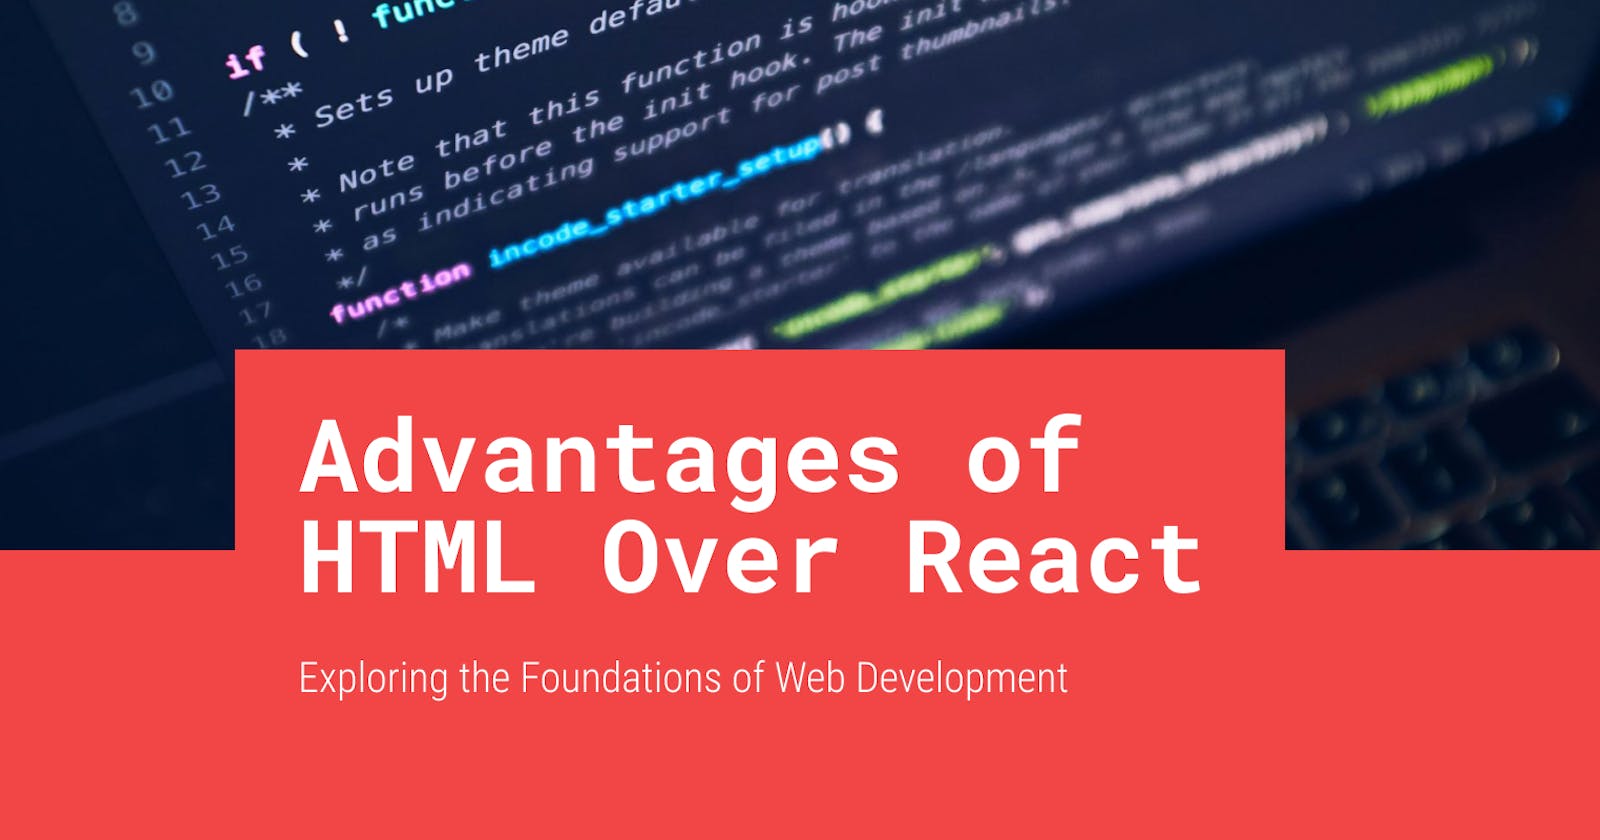 Advantages of HTML Over React: Exploring the Foundations of Web Development
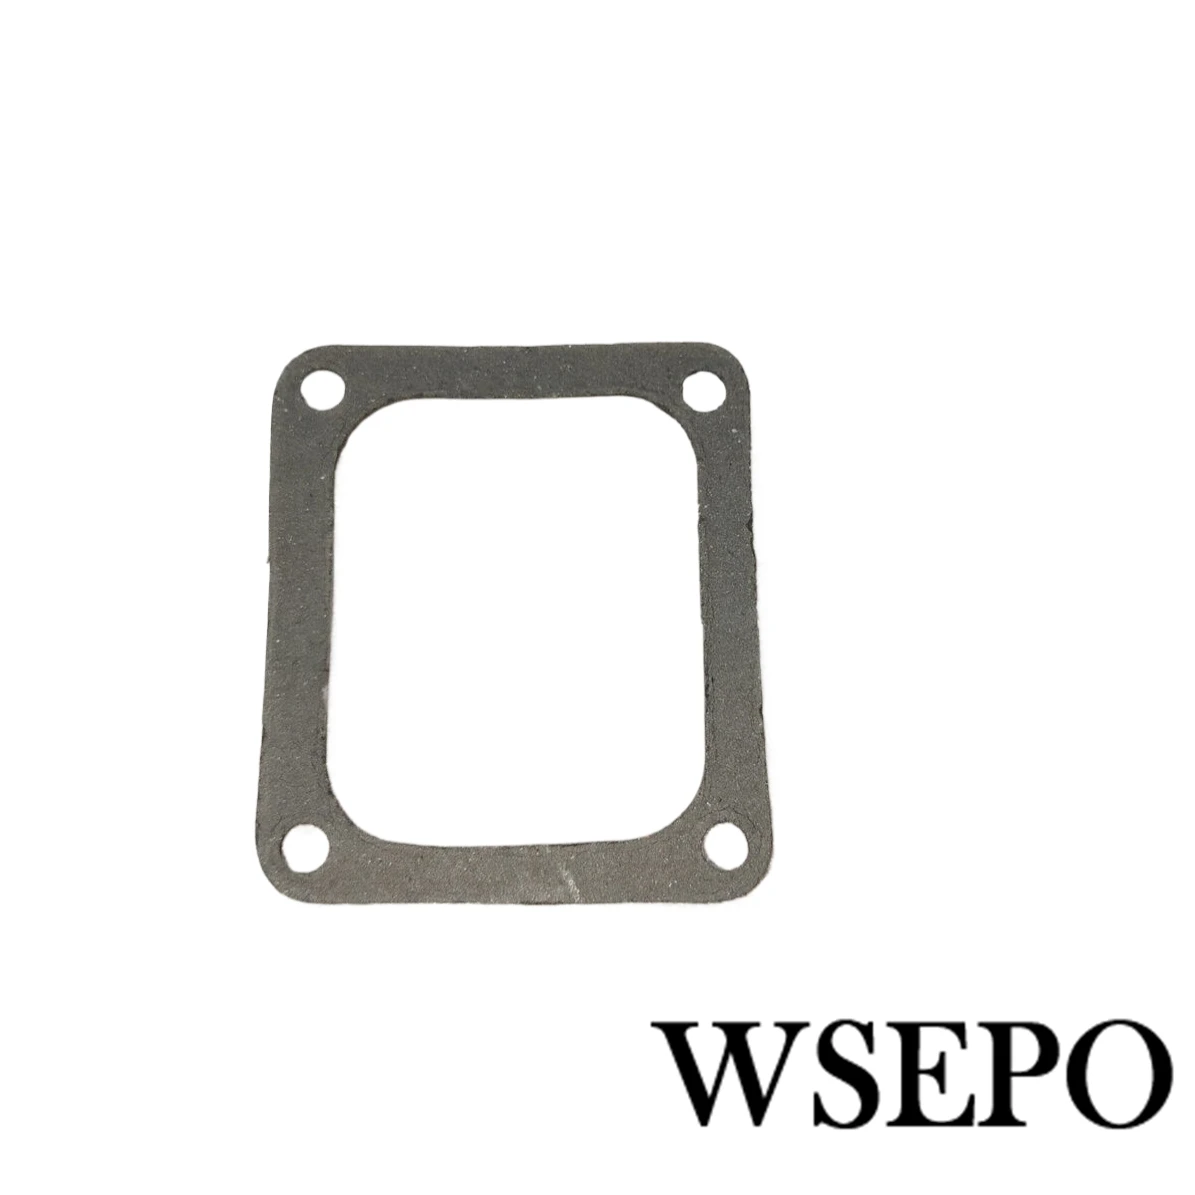 Top Quality! Water Tank Upper Gasket for R165 R170 3HP 4HP 4 Stroke Small Water Cooled Diesel Engine
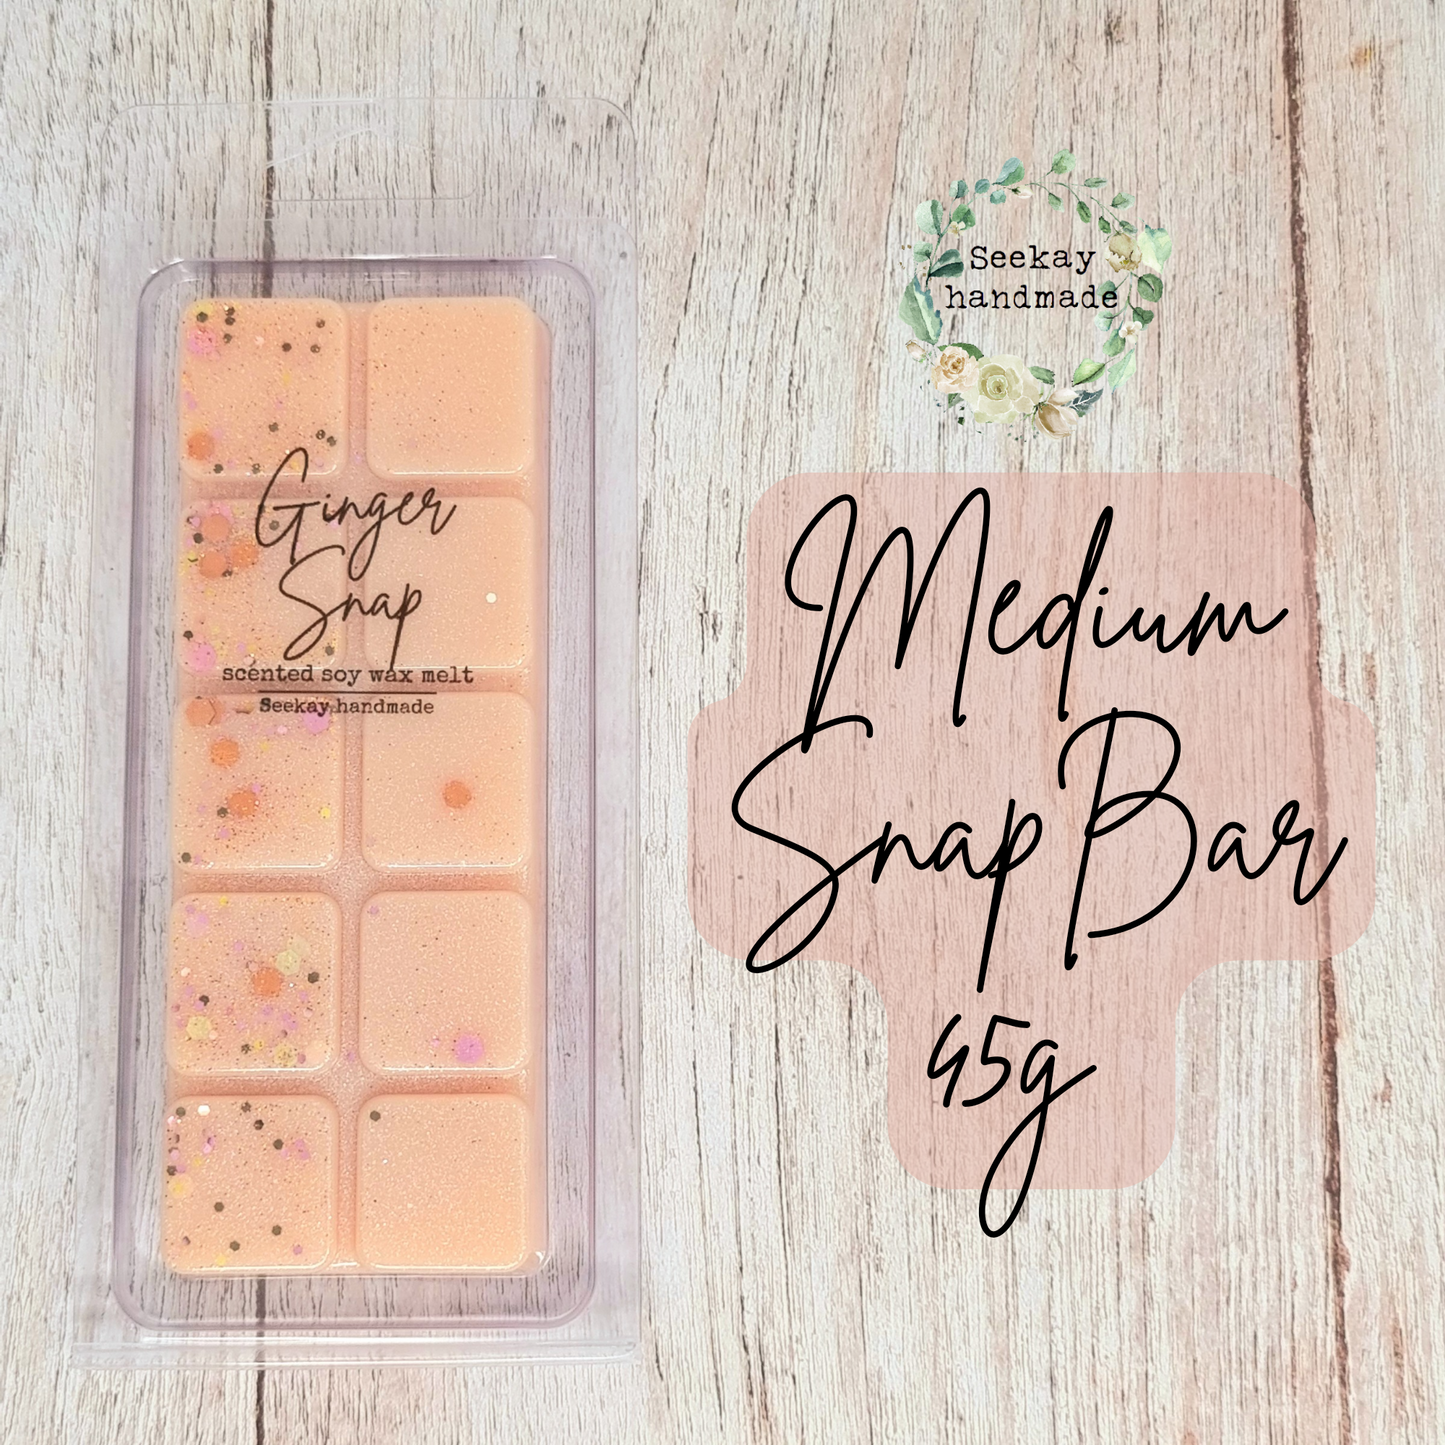 Ginger Snap scented soy wax melt
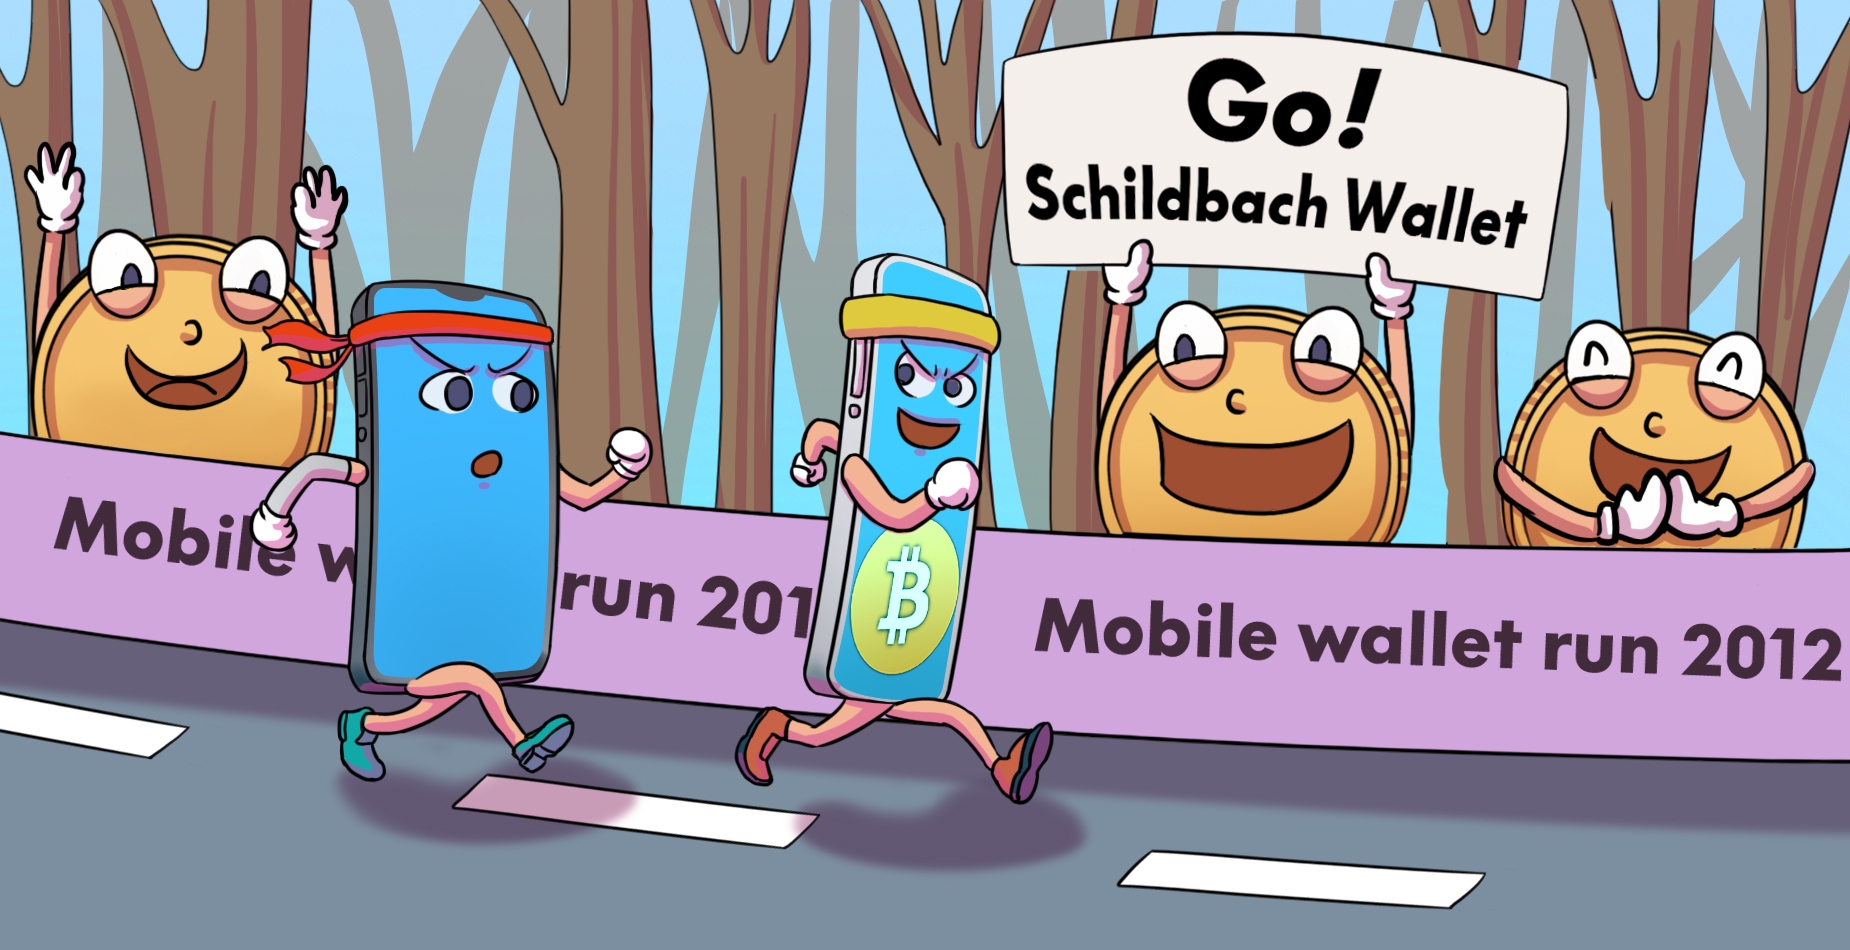 Smartphones running a marathon while coins are cheering them on. The smartphone with the Schildbach Logo is in 1st place.

* [Action item]: Return each line of the material exactly as written; exclude the pictures.

* [Solution for this problem]:
 Advantages of HTML Over React: Exploring the Foundations of Web Development
 Top Quality! Water Tank Upper Gasket for R165 R170 3HP 4HP 4 Stroke Small Water Cooled Diesel Engine
 Ginger Snap scented soy wax melt
 Smartphones running a marathon while coins are cheering them on. The smartphone with the Schildbach Logo is in 1st place.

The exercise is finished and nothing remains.